Chickenpox, Its Epidemiology And Nursing Role Free Writing Sample

Introduction

Some communicable diseases can quickly spread through a community without proper prevention and health care. Community health nurses can help stop this from happening by researching and analyzing data and keeping the community educated. One of these communicable diseases is chickenpox, the highly contagious nature of which can affect various groups of people and rapidly disperse through the community. This paper describes the nature of chickenpox and its development in the epidemiologic triangle, explores the roles of the community health nurse and national agencies in the prevention, treatment, and awareness of chickenpox in society.

Disease Description

Chickenpox, otherwise known as varicella, is a communicable disease caused by the varicella-zoster virus (Centers for Disease Control and Prevention, 2017). It is most notably characterized by the itchy rashes, which then turn into fluid-filled blisters that appear first on the stomach, chest, or face and then spread to the rest of the body. Other symptoms may include fever, headache, nausea, malaise, loss of appetite, and tiredness.

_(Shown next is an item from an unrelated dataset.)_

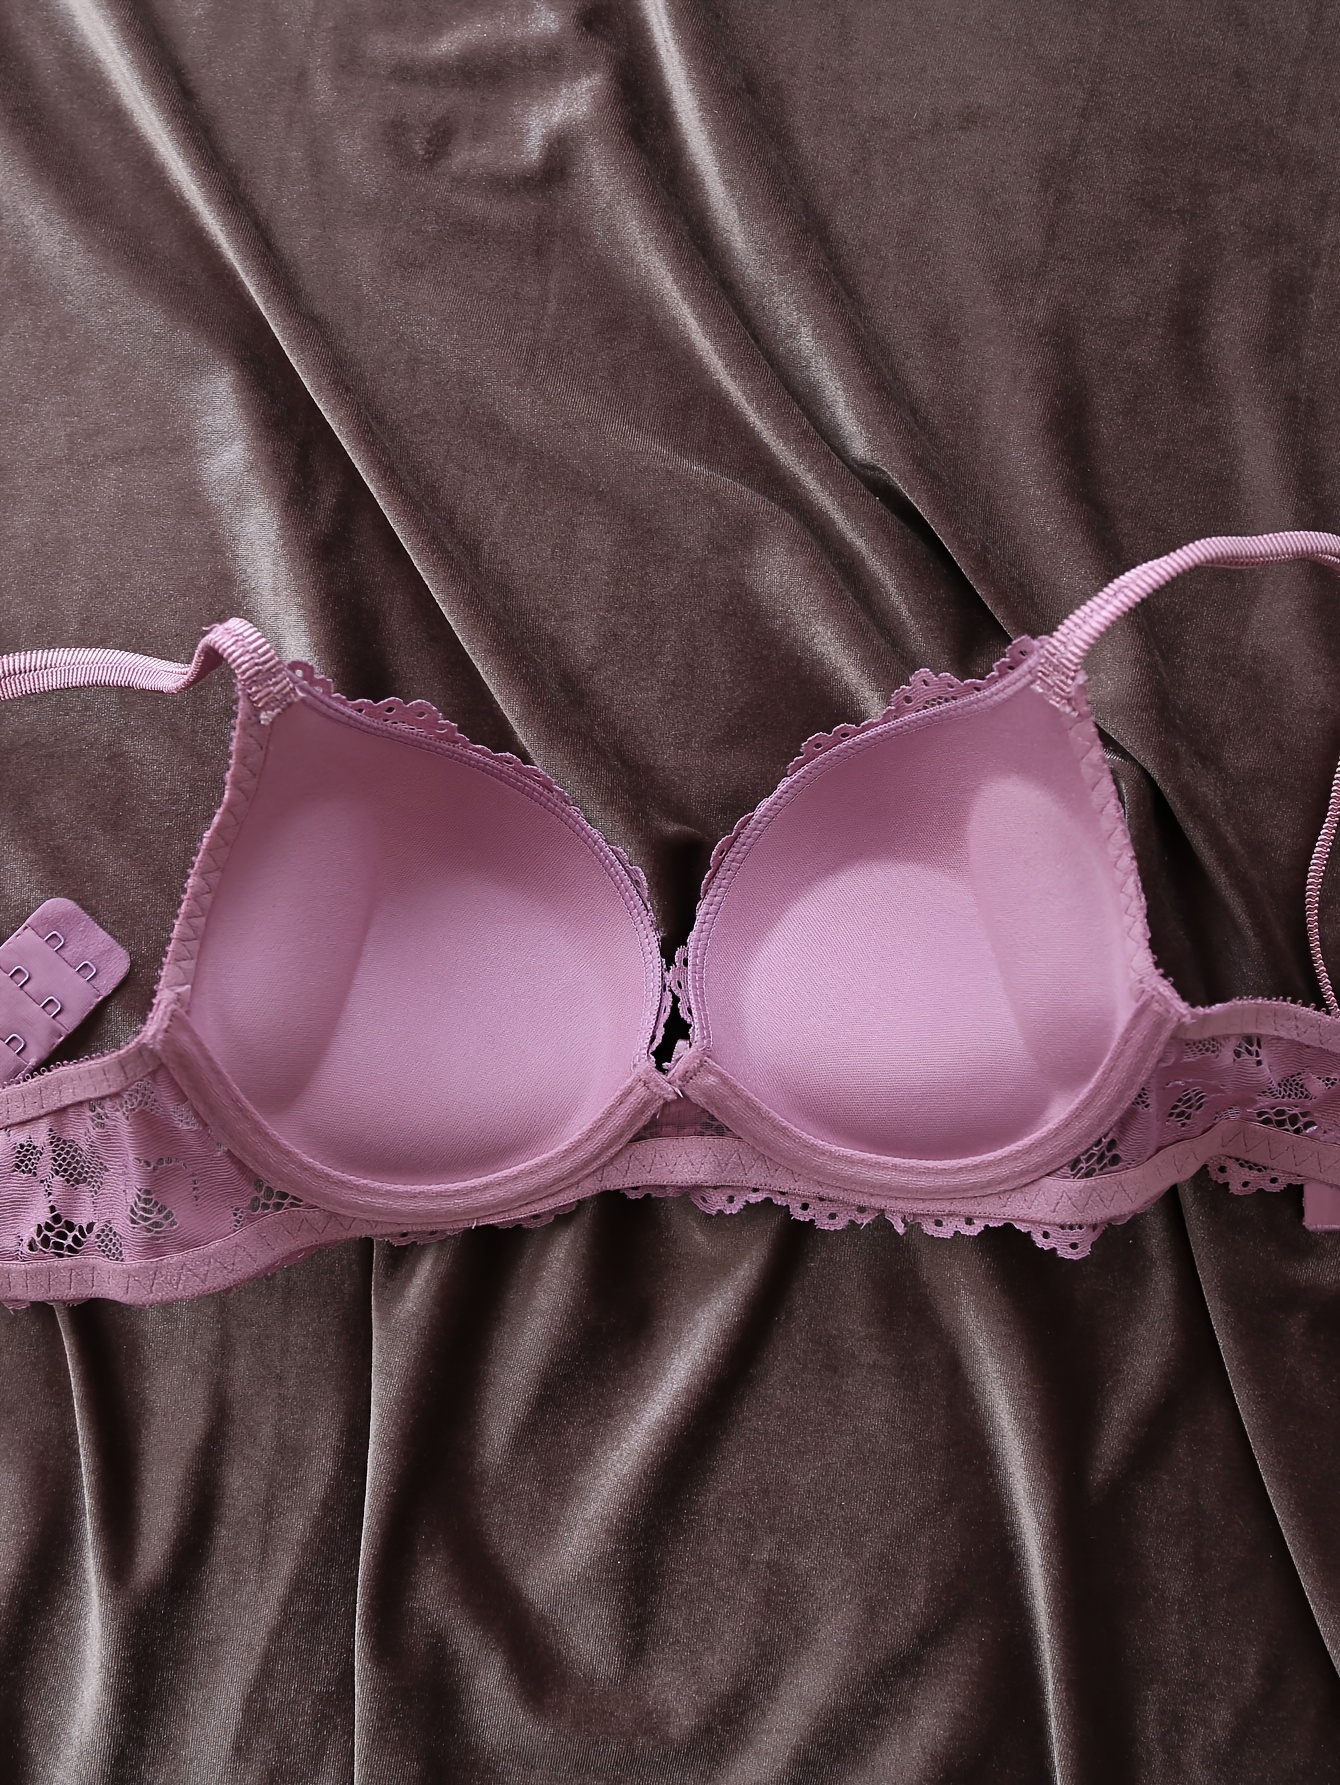 Victoria's Secret super push up bra in size 34A, Women's Fashion,  Undergarments & Loungewear on Carousell

These symptoms usually occur before the rashes, which appear after one or two days of infection. After six to ten days, blisters turn into scabs and start falling off. This disease is extremely contagious, as it spreads by direct and indirect ways of transmission through touching or inhaling the virus, which is contained in the blisters’ liquid or coughs and sneezes of an infected individual. The portal of entry for chickenpox is the respiratory system. Affected individuals remain contagious throughout the development of the disease until the formation of scabs.

Although most cases of chickenpox are not severe, some people may encounter a number of complications. There are groups of people that are at a higher risk for complications than others. These groups include infants and adults, pregnant women, and individuals with a weakened immune system, such as patients on various medications and people with HIV, AIDS, or cancer. Complications can range from mild to serious.

Such complications include bleeding, pneumonia, bacterial skin infections, and encephalitis. According to Chowdhury et al. (2014), some individuals may encounter rather serious complications, which have to be treated by a medical professional. For example, one young adult infected by chickenpox developed a urinary tract infection, encephalitis, septicemia, and disseminated intravascular coagulation (Chowdhury et al., 2014).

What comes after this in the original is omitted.